Selected Publications:

  1. Koralkar R, Ambalavanan N, Levitan EB, McGwin G, Goldstein S, Askenazi D. Acute kidney injury reduces survival in very low birth weight infants. Pediatr Res. 2011 Apr;69(4):354-8.\
  2. Askenazi DJ, Koralkar R, Levitan EB, Goldstein SL, Devarajan P, Khandrika S, Mehta RL, Ambalavanan N. Baseline Values of Candidate Urine Acute Kidney Injury (AKI) Biomarkers Vary by Gestational Age in Premature Infants.
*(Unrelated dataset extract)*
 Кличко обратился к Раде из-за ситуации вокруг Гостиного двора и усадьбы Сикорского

Pediatr Res. 2011 Jun 3.
  3. Askenazi D. Evaluation and management of critically ill children with acute kidney injury. Curr Opin Pediatr. 2011 Apr;23(2):201-7.
  4. Askenazi DJ, Ambalavanan N, Hamilton K, Cutter G, Laney D, Kaslow R, Georgeson K, Barnhart DC, Dimmitt RA. Acute kidney injury and renal replacement therapy independently predict mortality in neonatal and pediatric noncardiac patients on extracorporeal membrane oxygenation. Pediatr Crit Care Med. 2011 Jan;12(1):e1-6.
  5. Askenazi DJ, Griffin R, McGwin G, Carlo W, Ambalavanan N. Acute kidney injury is independently associated with mortality in very low birthweight infants: a matched case-control analysis. Pediatr Nephrol. 2009 May;24(5):991-7.
  6. Askenazi DJ, Ambalavanan N, Goldstein SL. Acute kidney injury in critically ill newborns: what do we know? What do we need to learn? Pediatr Nephrol. 2009 Feb;24(2):265-74.
  7. Askenazi DJ, Feig DI, Graham NM, Hui-Stickle S, Goldstein SL. 3-5 year longitudinal follow-up of pediatric patients after acute renal failure. Kidney Int. 2006;69(1):184-9.
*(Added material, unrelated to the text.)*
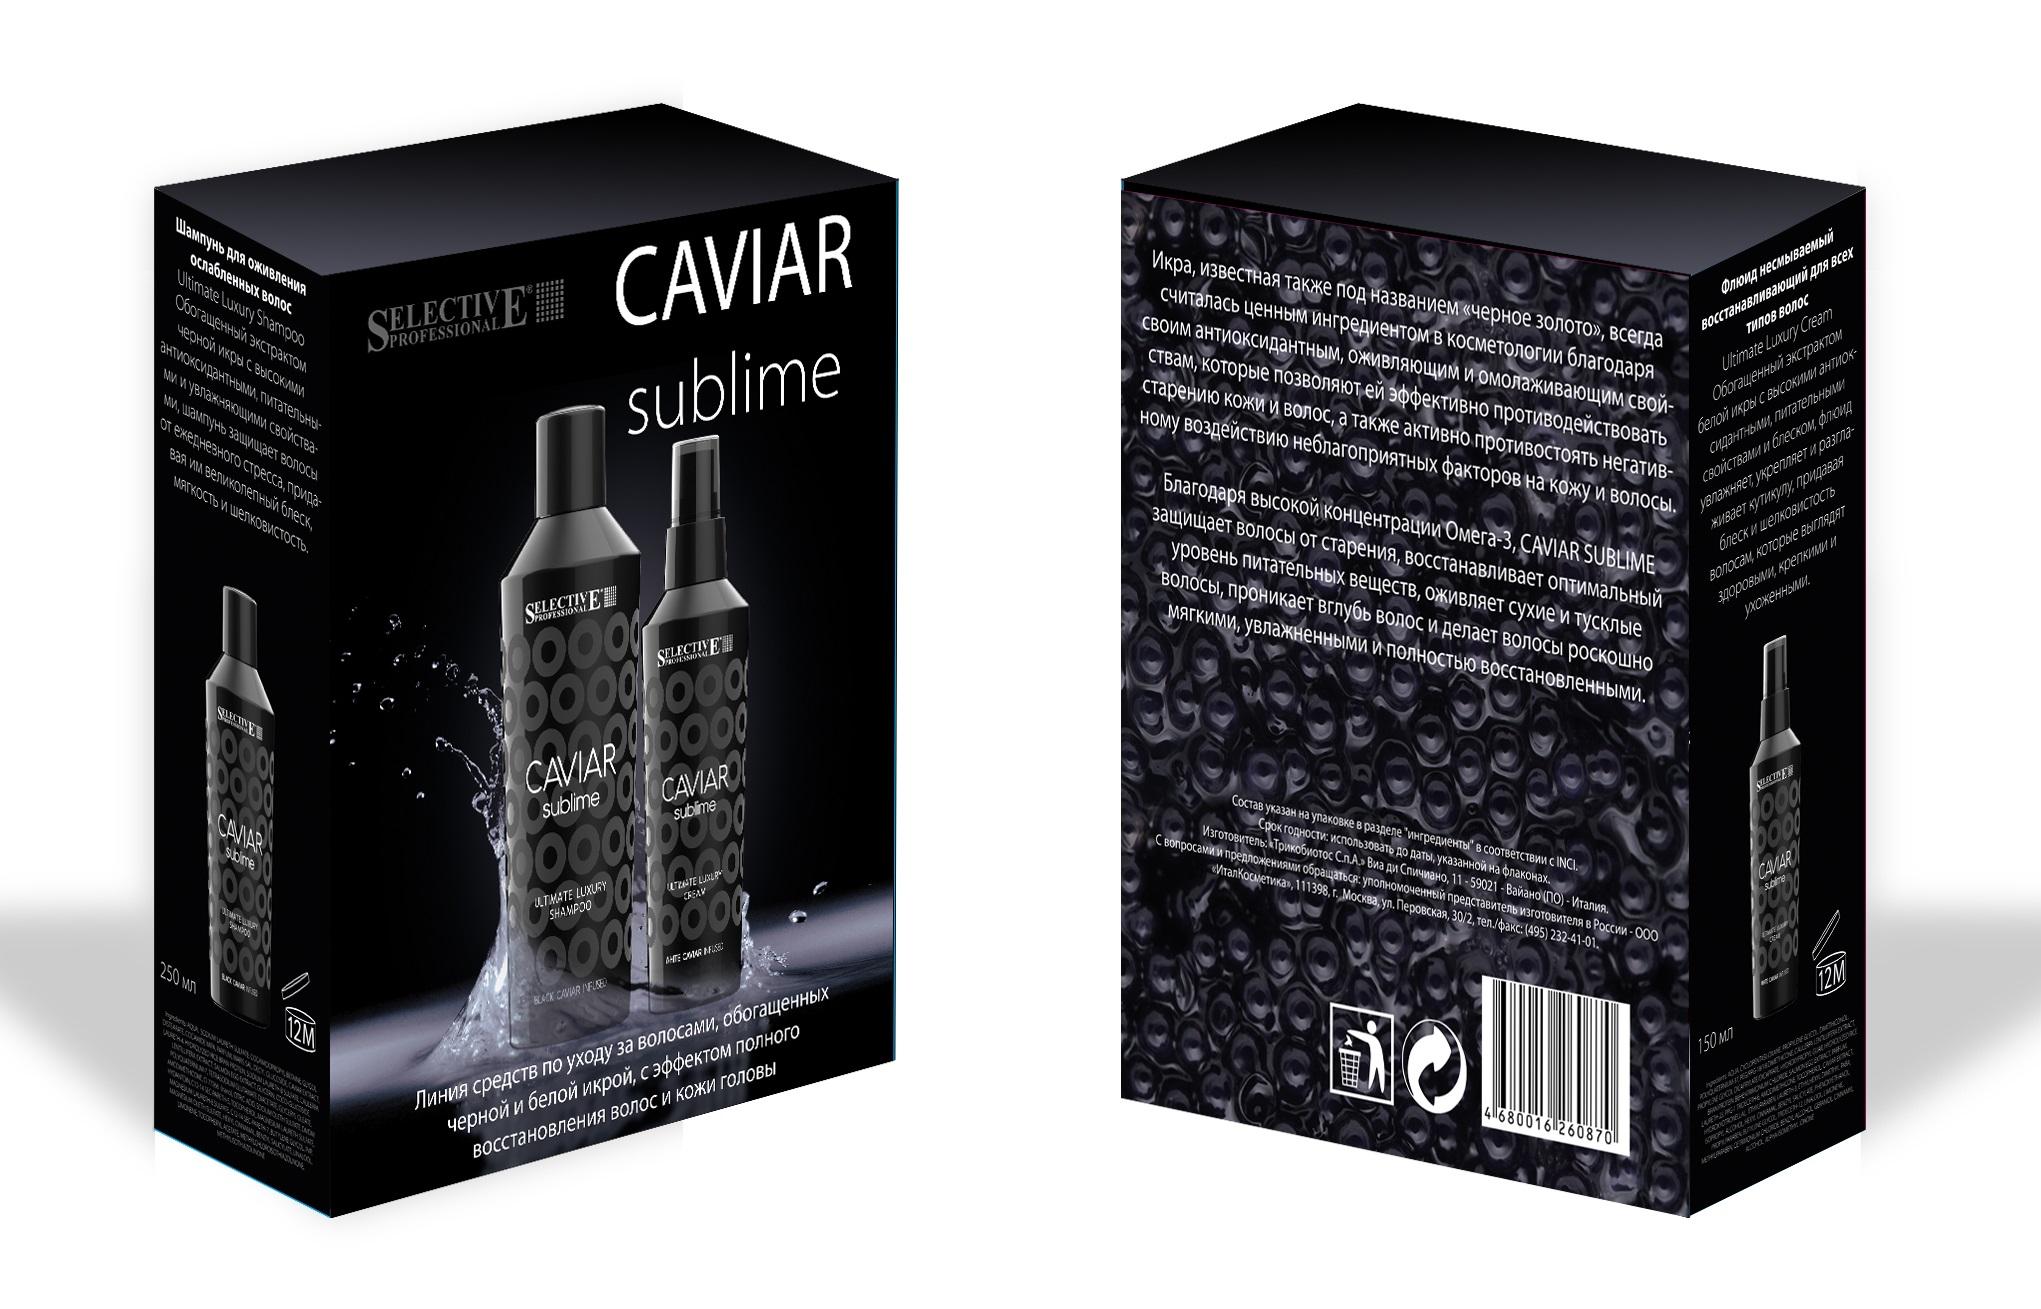 Набор для волос с экстрактом икры (шампунь 250 мл + флюид несмываемый 150 мл) CAVIAR SUBLIME

Sahar Fathallah-Shaykh, MD
Dr. Fathallah is interested in chronic kidney disease and dialysis in children. She has studied changes in blood viscosity in dialysis patients. She is currently the Medical Director of the dialysis unit at Children's of Alabama. She is the center principal investigator for the Chronic Kidney Disease in Children (CKiD) study, the largest NIH-funded North American multi-center study of pediatric chronic kidney disease. She is involved in multi-center pharmaceutical trials on the pharmacokinetic and pharmacodynamics of medications used in patients on dialysis or with chronic kidney disease.

Selected publications:

  1. Fathallah-Shaykh S, Brooks E, Langman C, Kensey K, Hogenauer W. Sodium Modeling attenuates rises in whole blood viscosity during chronic hemodialysis in children. Ped Nephrol 21(8):1179-84, 2006.
  2. Brooks E, Fathallah-Shaykh S, Langman C, Wolf K, Price H. Bioelectric Impedance Predicts Total Body Water, Blood Pressure, and Heart Rate, During Hemodialysis (HD) in Children and Adolescents. J Ren Nutr 18(3):304-11, 2008.
  3. Haas M, Rahman MH, Cohn RA, Fathallah-Shaykh S, Ansari A, Bartosh SM. IgA Nephropathy in children and adults: comparison of histologic features and clinical outcomes. Nephrol Dial Transplant 2008 Aug; 23(8):2537-45.

Michael Seifert, MD, MSCI
Dr. Seifert is interested in the role of endothelial health and dysfunction in chronic allograft injury and fibrosis; biomarkers associated with cardio-renal disease in native and transplant CKD; early determinants of long-term outcomes in pediatric kidney transplantation.